A single gene change in a relatively benign recent ancestor of the bacterium that causes bubonic plague played a key role in the evolution of the deadly disease, researchers
have discovered. Their findings were reported in the April 25, 2002, issue of Science.

By acquiring this gene, the bacterium gradually changed from a germ that caused a mild human stomach illness acquired from contaminated food or water to the flea-borne agent of the Black Death, which in the 14th century killed one-fourth of Europe's population.

Our research illustrates how a single genetic change can profoundly affect the evolution of disease.
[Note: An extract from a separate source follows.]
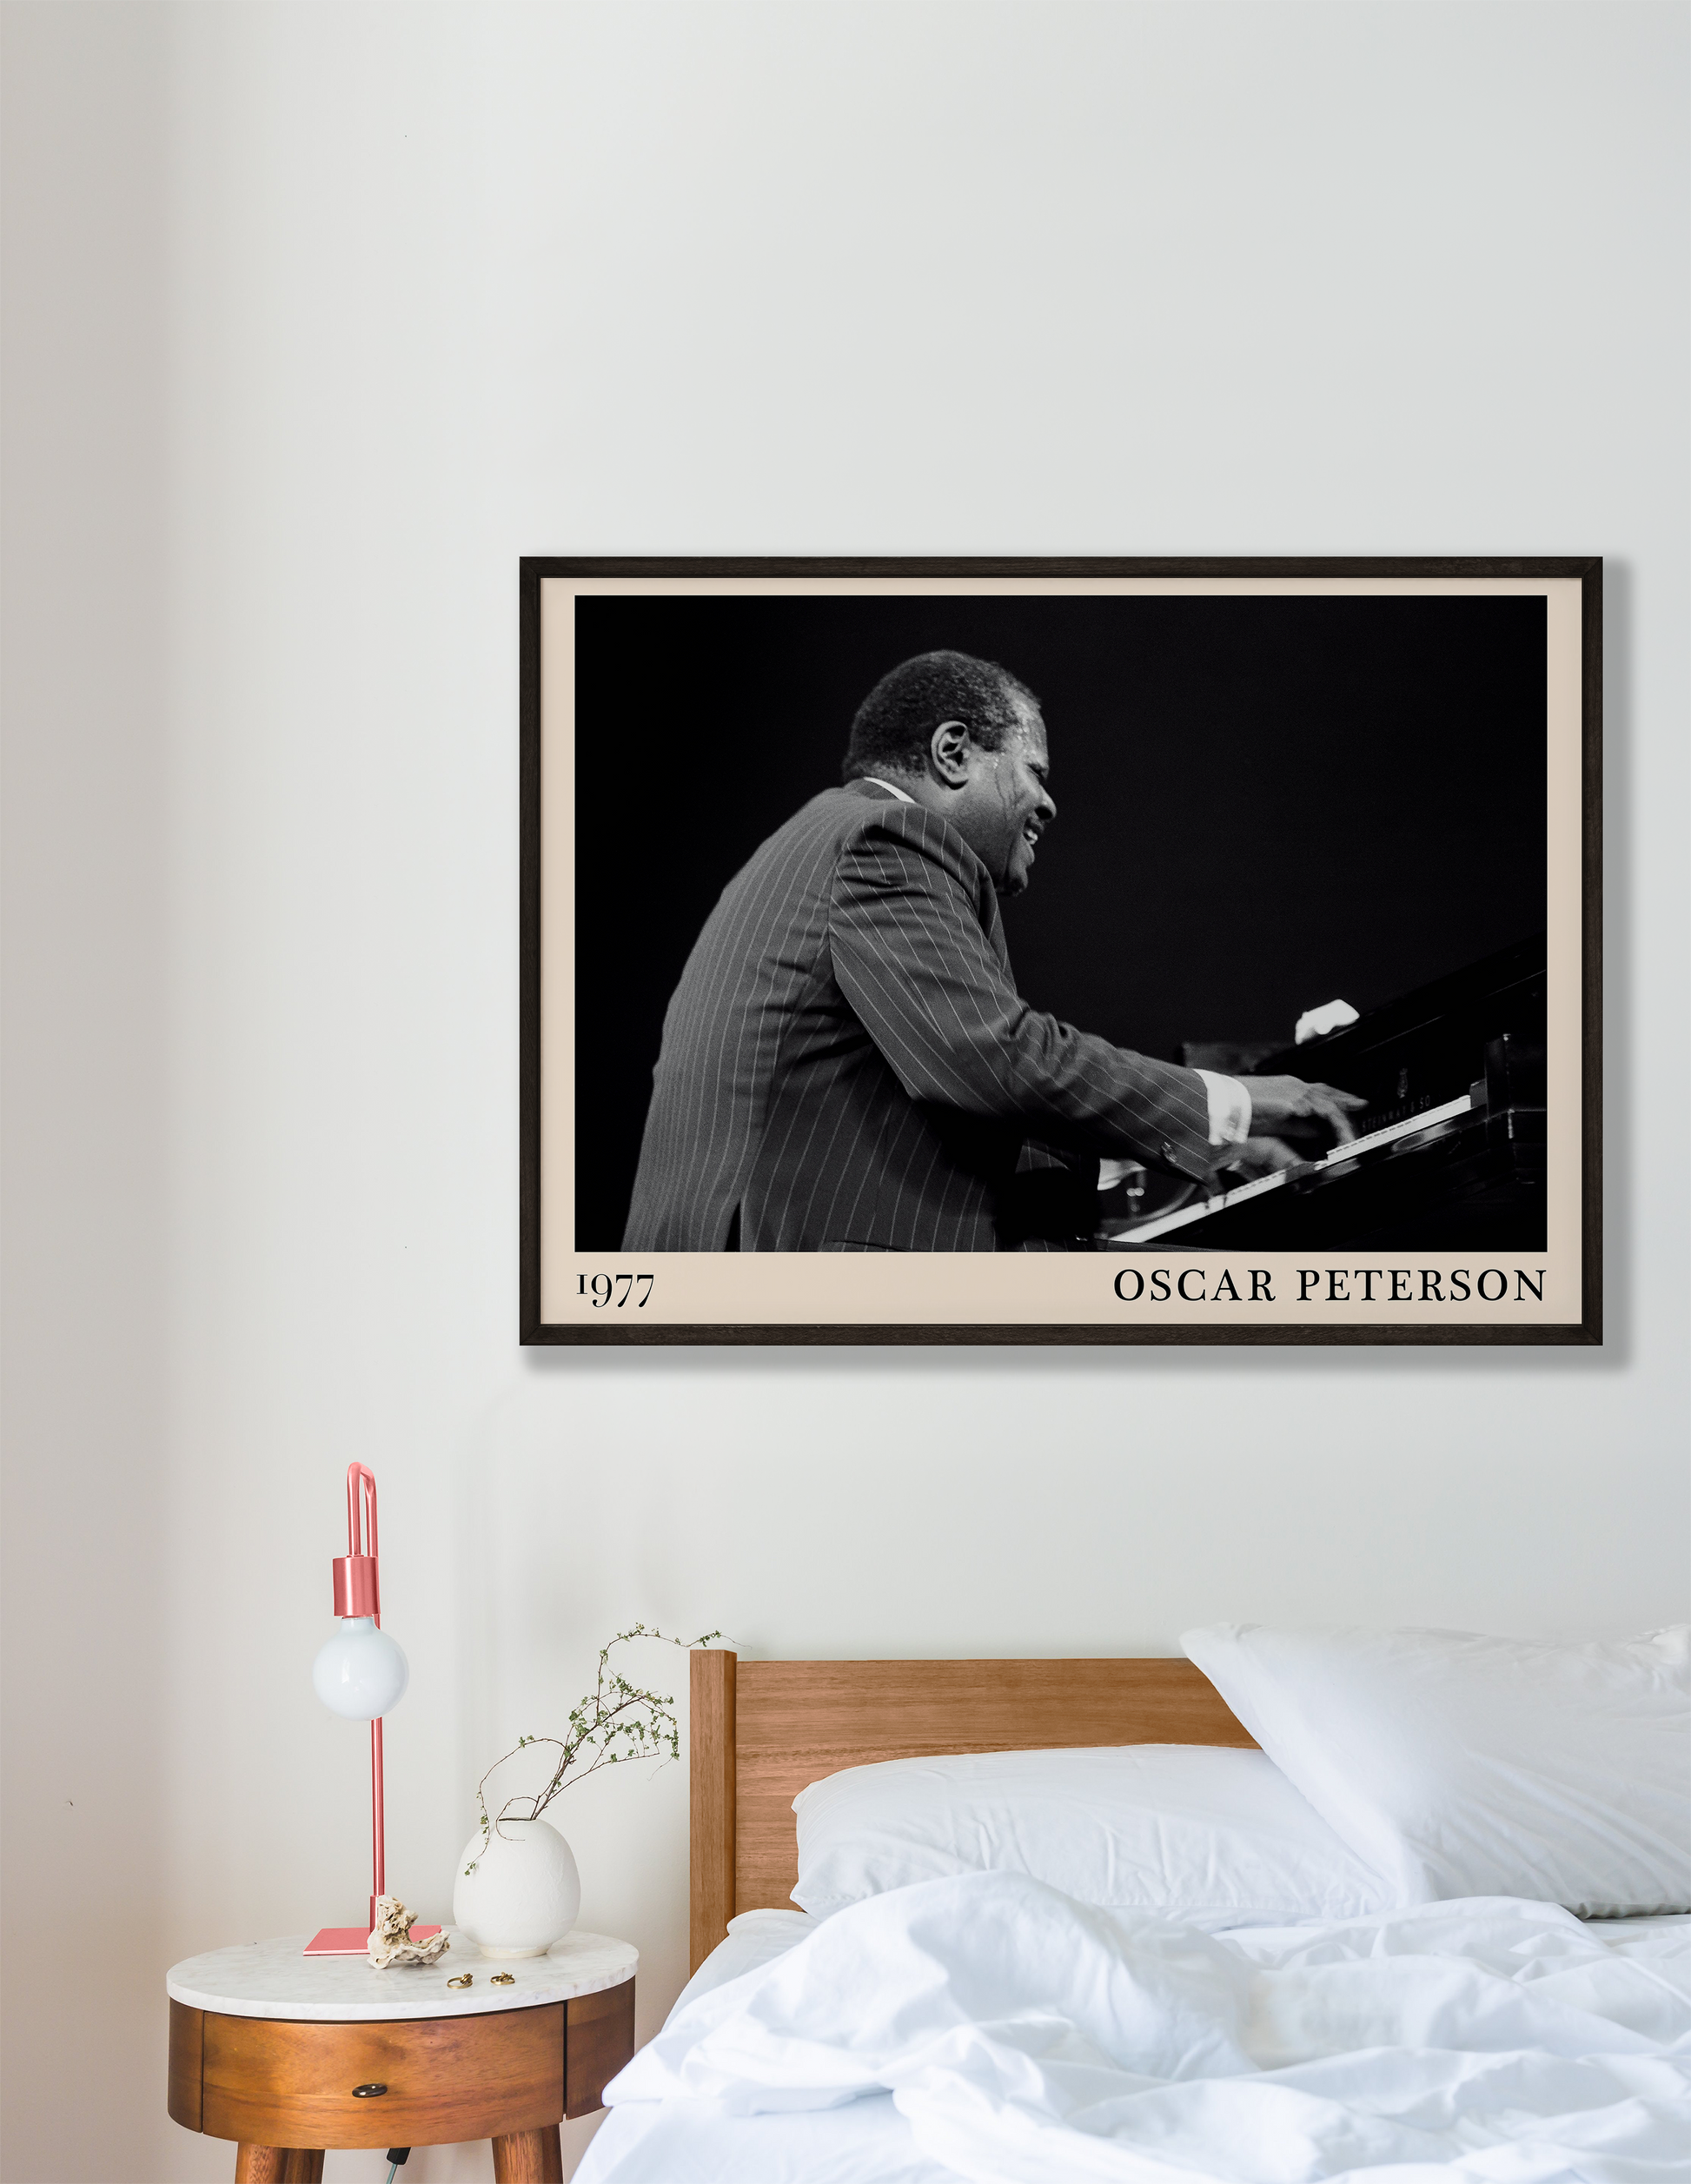 1977 photograph of Oscar Peterson taken by Thomas Marcello. Picture crafted into a cool black framed jazz print, with an off-white border. Poster is hanging on a white bedroom wall

In this case, that genetic change set the stage for a completely new route of
disease transmission, notes B. Joseph Hinnebusch, Ph.D., lead author of the study and plague expert at Rocky Mountain Laboratories, a Montana (USA) outpost of the US National Institute of Allergy and Infectious Diseases (NIAID).

The gene allowed the bacteria to be transmitted through the bite of an insect--in this case, the flea--an adaptation that distinguishes Yersinia pestis, the plague germ, from closely related, more benign gut bacteria. In turn, as Y pestis adapted to rely on its new blood-feeding host for transmission, the emergence of more deadly bacterial strains would have been favored, the researchers conclude.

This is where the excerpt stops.